Pukul satu dini hari, Safir terbangun dengan perasaan yang luar biasa berantakan. Sekelebat bayangan mimpi dirinya bertengkar dengan Bianca adalah alasan. Ia tak mengerti kenapa mimpi seperti itu tiba-tiba datang. Rasanya, ia dan Bianca belum pernah terlibat percekcokan apapun selama menjalin hubungan. Jadi untuk sekarang, Safir anggap mimpi itu sebagai bunga tidur karena perasaannya yang gelisah.
Mencoba memejamkan mata kembali, Safir justru bangun dengan gerakan brutal dan hampir terjungkal ke samping. Pemuda itu semakin bingung, mengacak rambut pun bukan solusi, justru semakin membuat frustasi.
Kejadian kemarin kembali menyambang. Safir tidak tahu mengapa ia harus berbohong pada Bianca. Jawaban itu meluncur begitu saja kendati hatinya ingin jujur.
Aku lagi sama Nila, Bi.
Ingin sekali hatinya berbicara demikian, tapi ketika reaksi kecewa Bianca terlintas di benak, Safir urung. Pemuda itu memilih melanjutkan sandiwara yang baru dimulainya.
Sore kemarin, setelah melepas Bianca pergi bersama Adam, Safir memilih berdiam diri di depan kelas gadis itu. Tak ada yang ia lakukan, benar-benar diam mengamati cakrawala yang merona jingga. Hanya pikirannya yang melayang entah kemana.
Safir masih tak begitu peduli pada sekitarnya yang mulai sepi, bel pulang sudah berbunyi sejak tiga puluh menit lalu. Hingga saat itu, ia merasakan bangku sebelahnya terisi, Safir kontan menoleh dan menemukan Nila duduk menghadapnya dengan senyum kecil manis.
"Hai," sapanya kecil.
Safir tertegun beberapa saat, untuk beberapa alasan, Safir seperti kembali merindu pada Nila. Namun lagi, kelebatan tawa Bianca menyadarkan, Nila bukan lagi satu-satunya, ada Bianca yang lebih utama.
Tanpa berkata apa pun, Safir beranjak pergi. Akan menjadi masalah jika ia terlalu lama bersama Nila. Meski hati sudah menetap pada Bianca, logika otaknya berkata cinta pertama itu terlalu istimewa untuk dilupakan.
"Safir." Nila menghadang jalan. Tatapan memohon itu terlukis indah di netra Nila yang berkaca di timp mentari. "Mobil gue rusak, sopir gue gak bisa jemput dan gue tau boncengan sepeda motor lo lagi kosong. Jadi ..." Gadis itu menggantung kalimat, berharap Safir akan menawarkan tumpangan.

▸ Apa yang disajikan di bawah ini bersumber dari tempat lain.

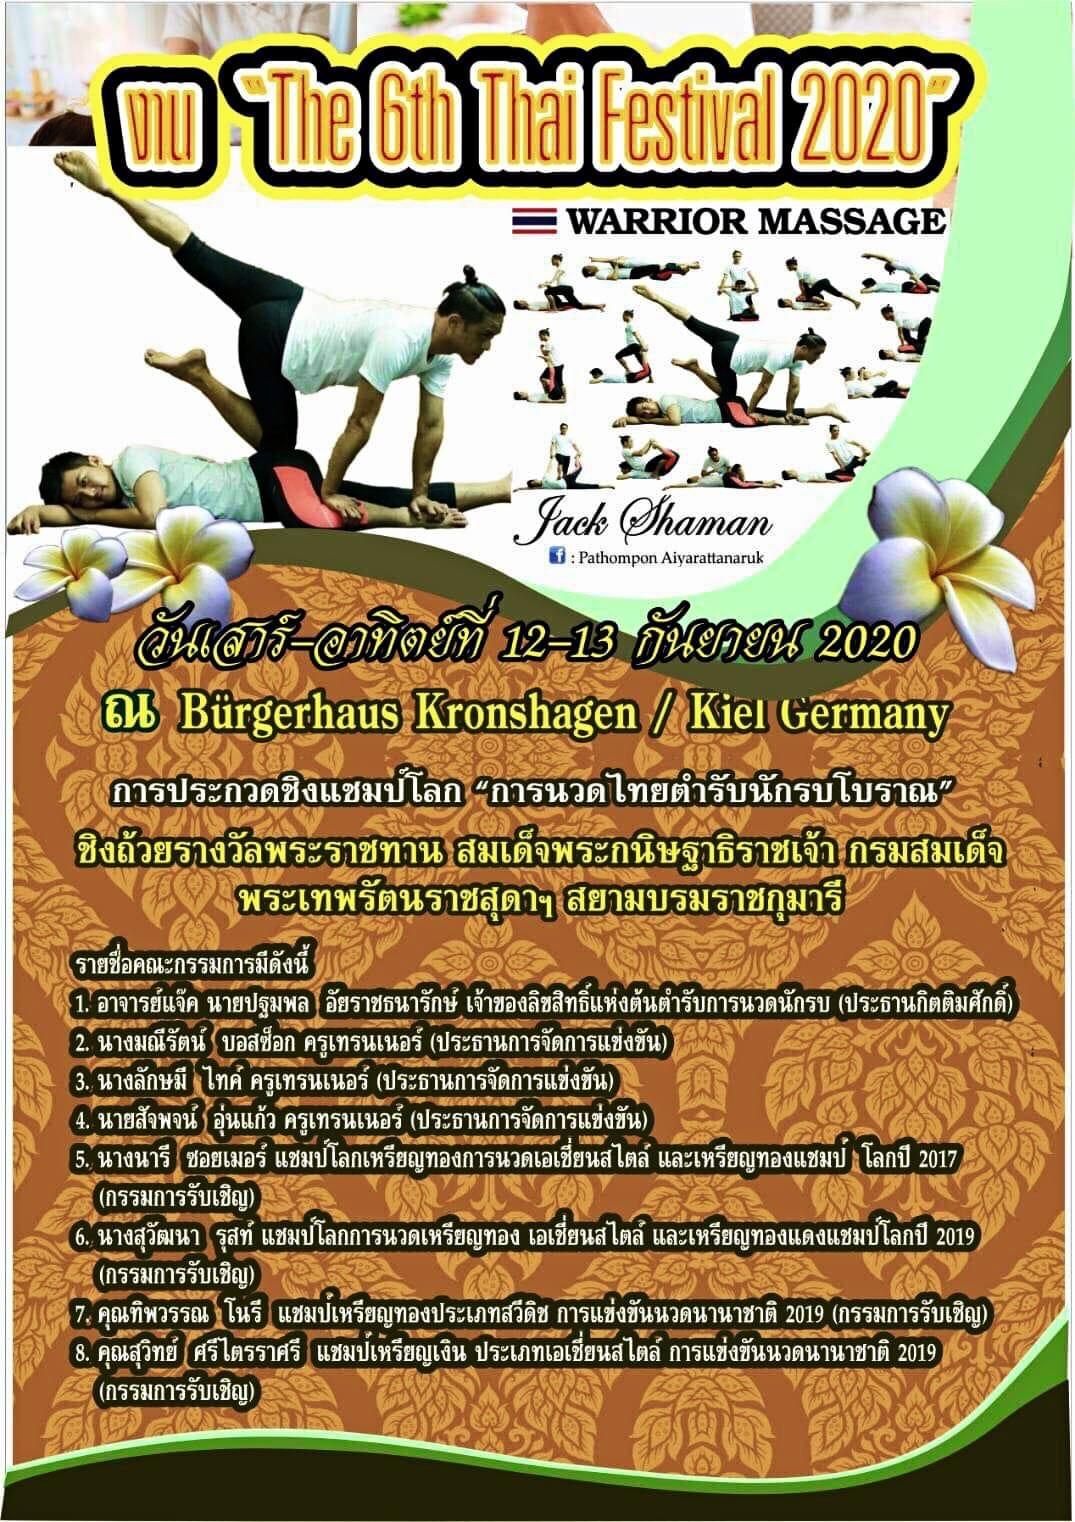 Thai Warrior Massage  1st.Weltmeisterschaft 12-13.09.2020 Kiel

Nyatanya, Safir justru diam sambil menggulirkan layar ponsel. Pemuda itu seolah hanya menganggap Nila sebagai angin lalu, tak perlu dipedulikan. "Gue pesenin ojek, lima belas menit lagi nyampe. Dan--" Safir mendekatkan bibir pada telinga Nila dan berbisik, "--jangan harap gue mau bonceng lo lagi." Kemudian pergi dengan Nila yang masih mematung di tempat.
"Gue gak mau naik ojek!" Nila menarik Safir balik. Kepala gadis itu mendongak dengan mata membulat tajam. "Gue maunya dianter sama lo," katanya sambil meremat pergelangan tangan Safir pelan.
"Muka gue keliatan peduli?" Safir melepaskan cengkraman Nila pada pergelangan tangannya. "Mau lo jalan atau ngesot juga gue gak bakal peduli lagi."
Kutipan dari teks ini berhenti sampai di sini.